- [WHAT THE TASK ASKS] What you return must match the listing below line for line, minus its pictures.

- [INFORMATION SUPPLIED]
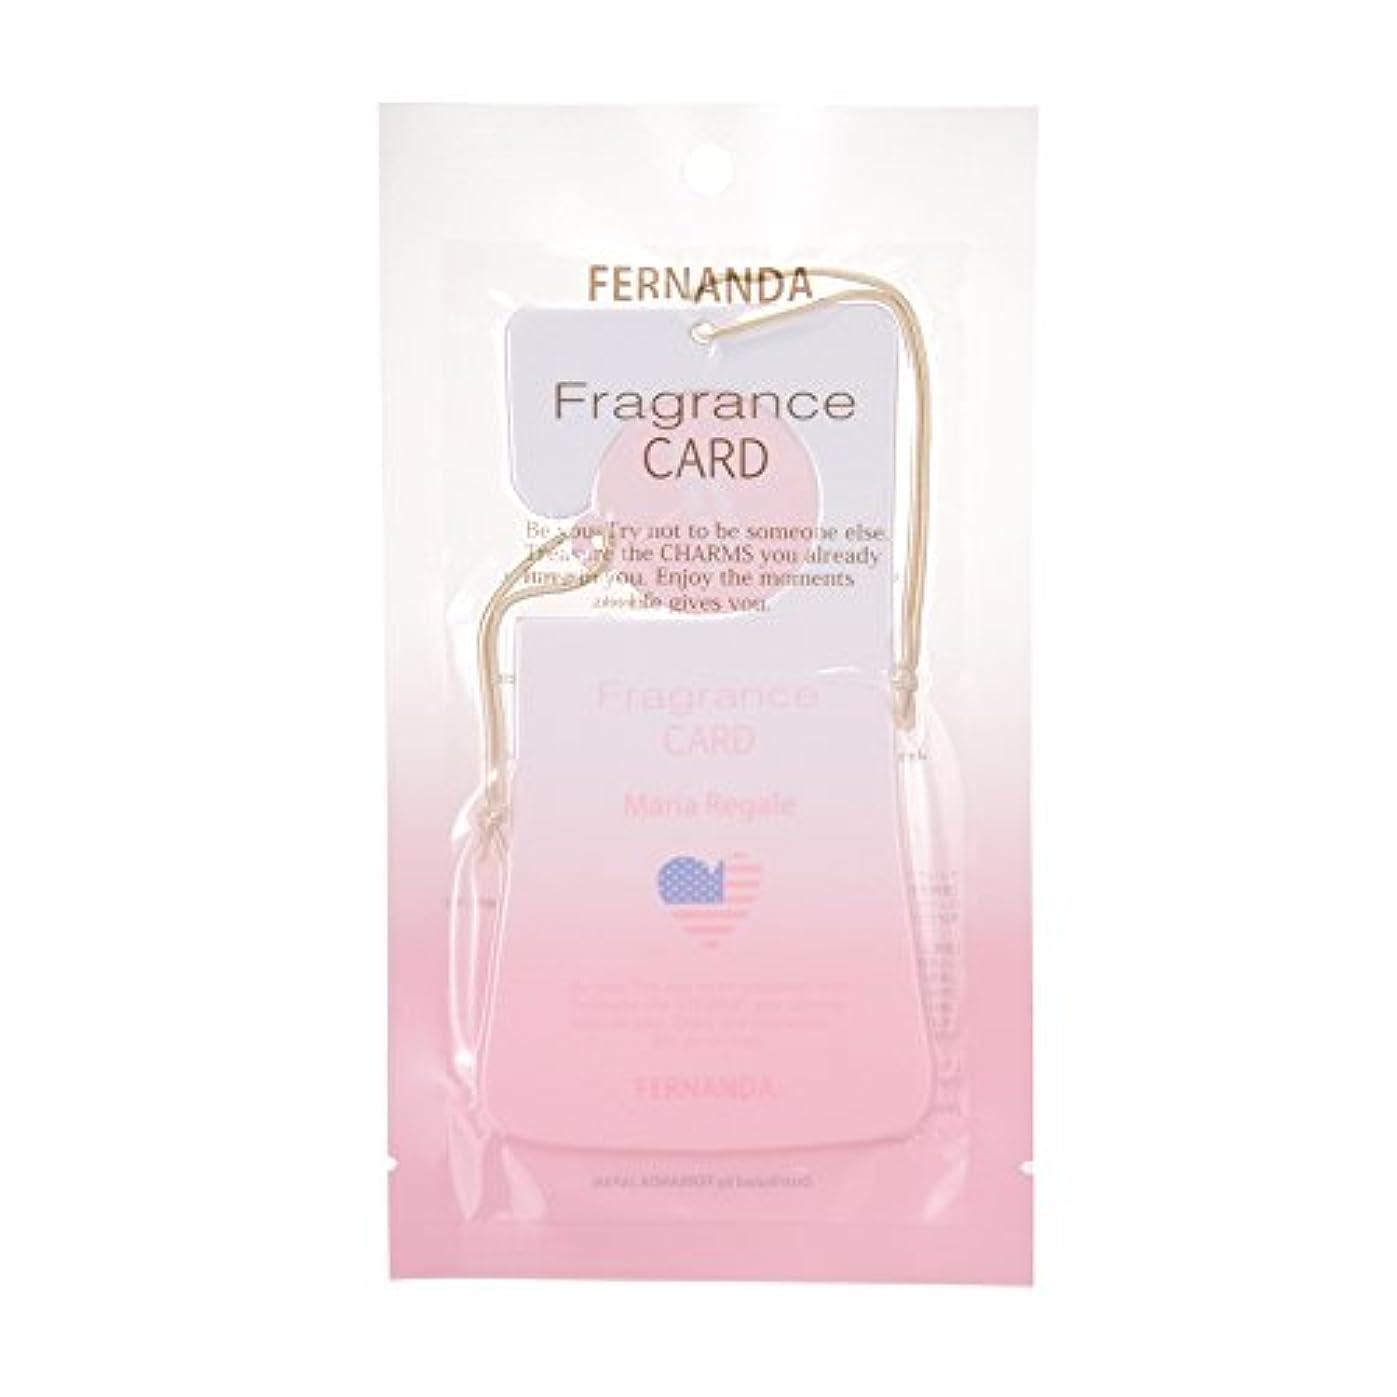 セラー拍手する仮定FERNANDA(フェルナンダ) Fragrance Card Maria Regale (フレグランスカード マリアリゲル)
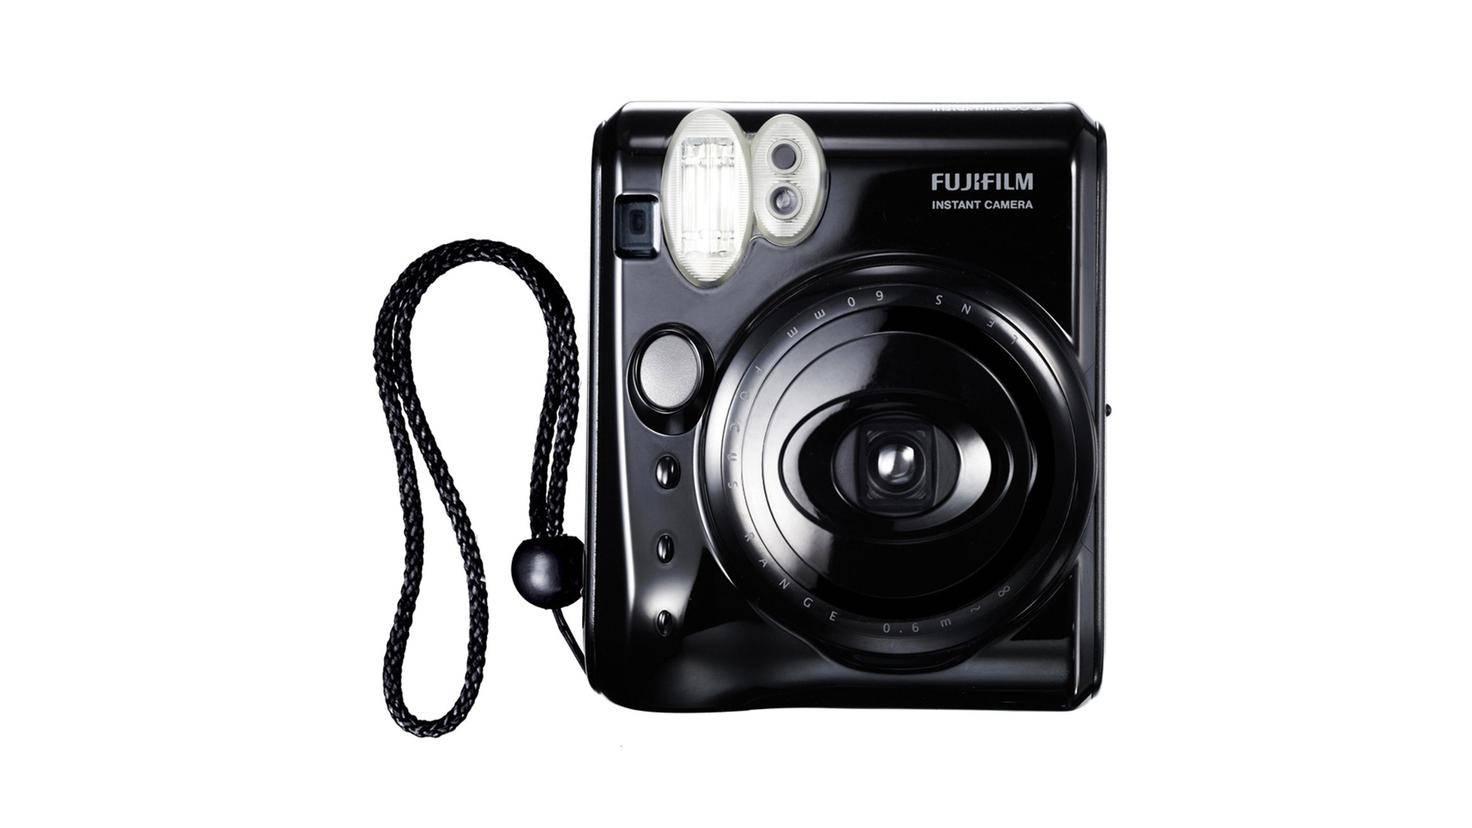 fujifilm-instax-mini-50s
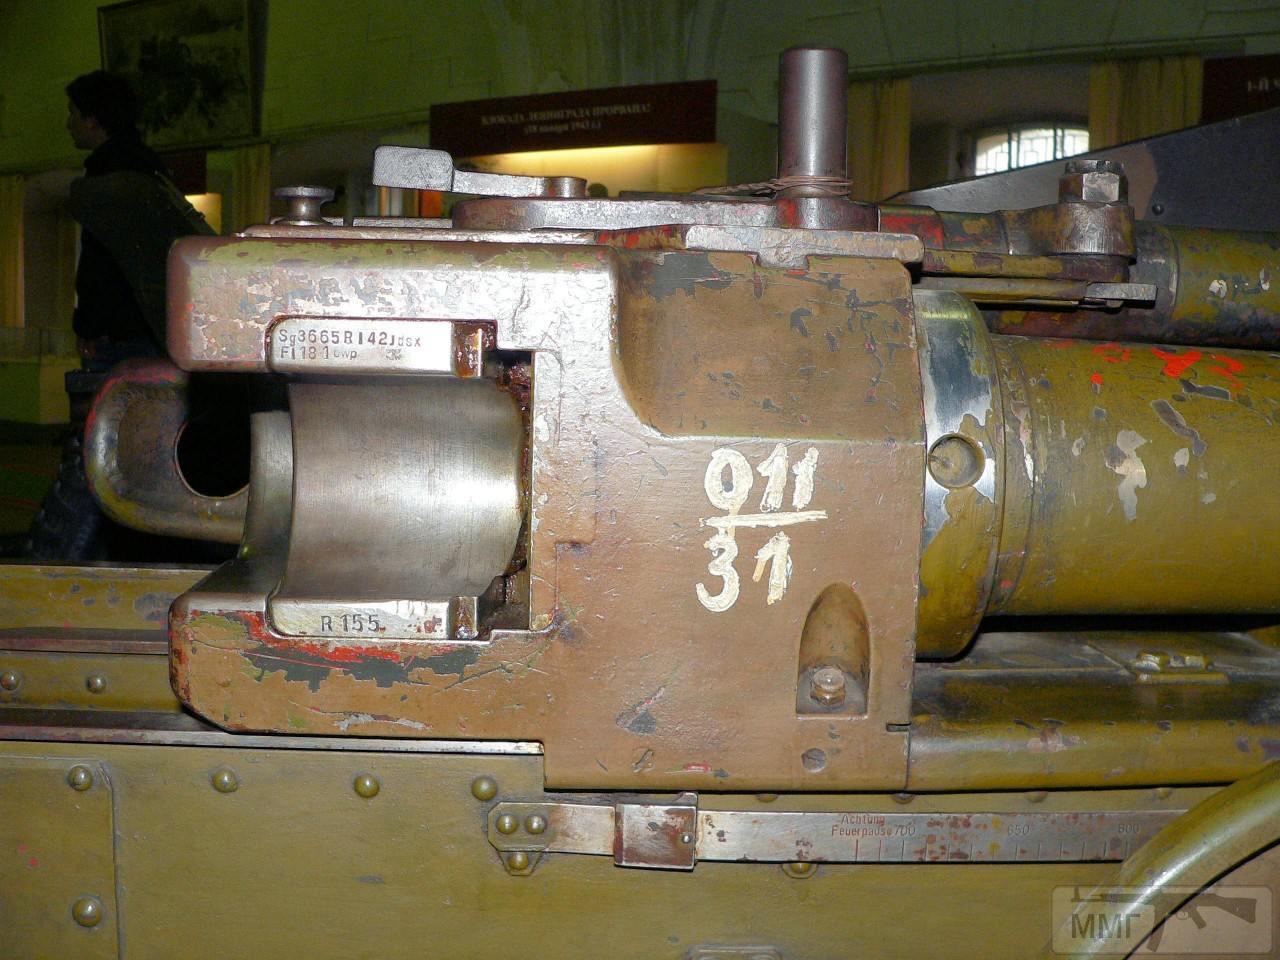 37437 - Немецкая артиллерия второй мировой

- [EXERCISE RESPONSE]
 セラー拍手する仮定FERNANDA(フェルナンダ) Fragrance Card Maria Regale (フレグランスカード マリアリゲル)
 fujifilm-instax-mini-50s
 37437 - Немецкая артиллерия второй мировой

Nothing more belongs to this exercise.